- Classification: Division I
- Season: 1977–78
- Teams: 7
- Site: Anaheim Convention Center Anaheim, CA
- Champions: Cal State Fullerton (1st title)
- Winning coach: Bobby Dye (1st title)
- MVP: Greg Bunch (Cal State Fullerton)

= 1978 Pacific Coast Athletic Association men's basketball tournament =

The 1978 Pacific Coast Athletic Association men's basketball tournament (now known as the Big West Conference men's basketball tournament) was held March 2–4 at the Anaheim Convention Center in Anaheim, California.

Cal State Fullerton topped defending champions in the championship game, 64–53, to win its first PCAA/Big West men's basketball tournament.

The Titans, in turn, received a bid to the 1978 NCAA tournament, where they advanced to the Elite Eight.

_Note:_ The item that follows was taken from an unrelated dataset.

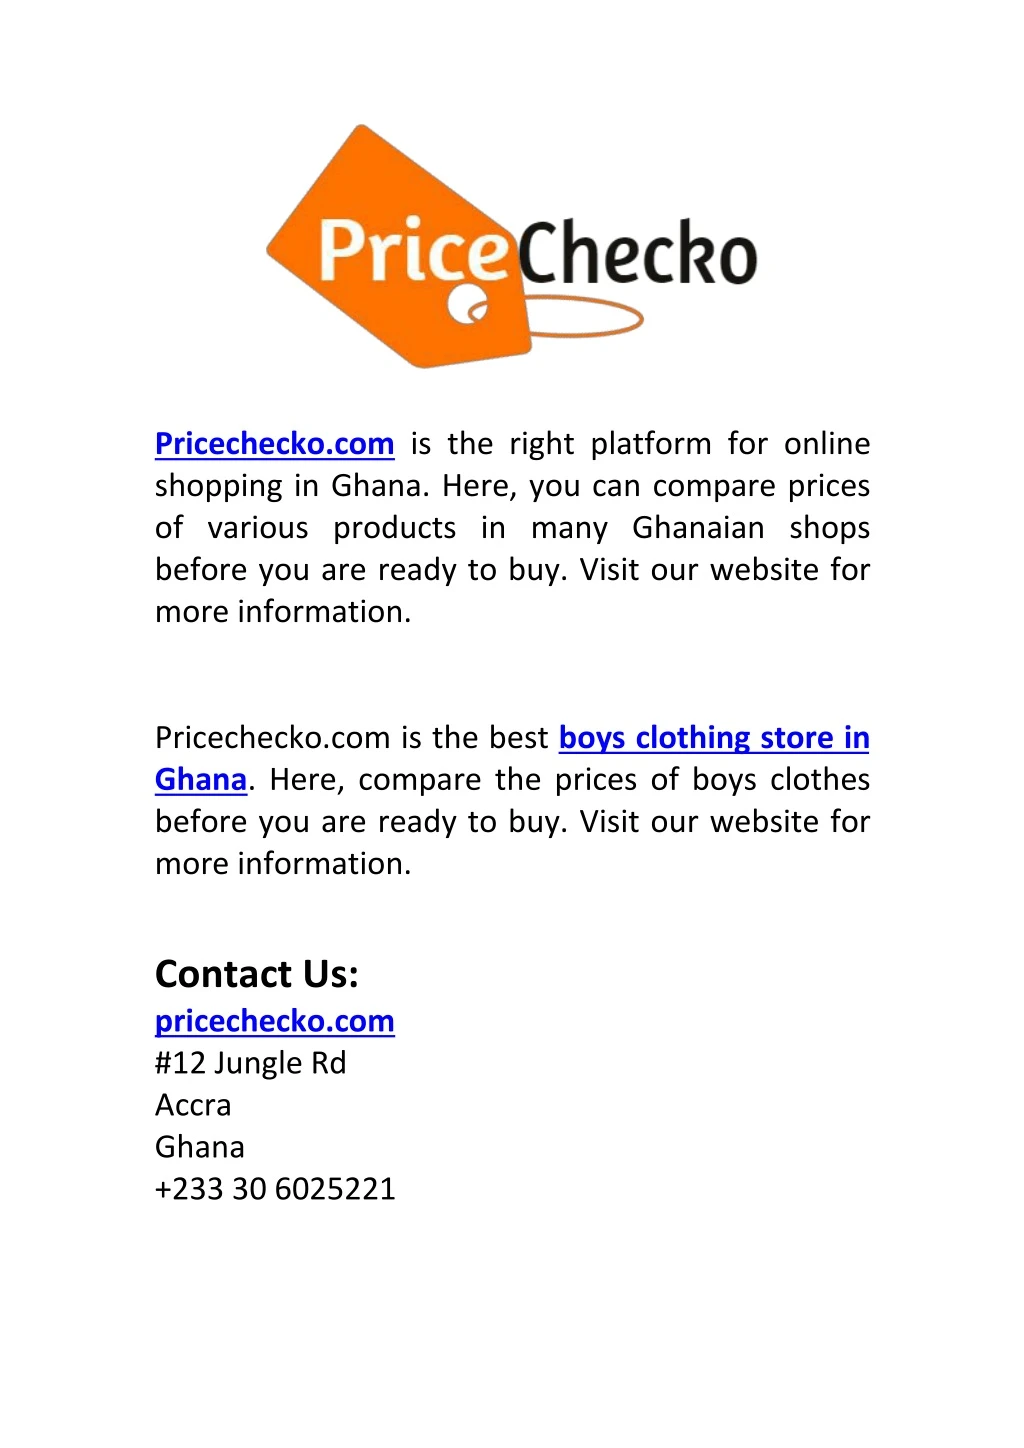 pricechecko com is the right platform for online

It was CSUF's first Division I tournament appearance.

==Format==
The tournament field expanded again, this time increasing from six to seven teams (Fresno State participated in its first PCAA tournament).

Seven of the eight total PCAA members (newcomer UC Irvine was not invited) qualified for the event and were seeded based on regular season conference records. The top team earned a bye into the semifinal round while the remaining six teams entered into the preliminary first round.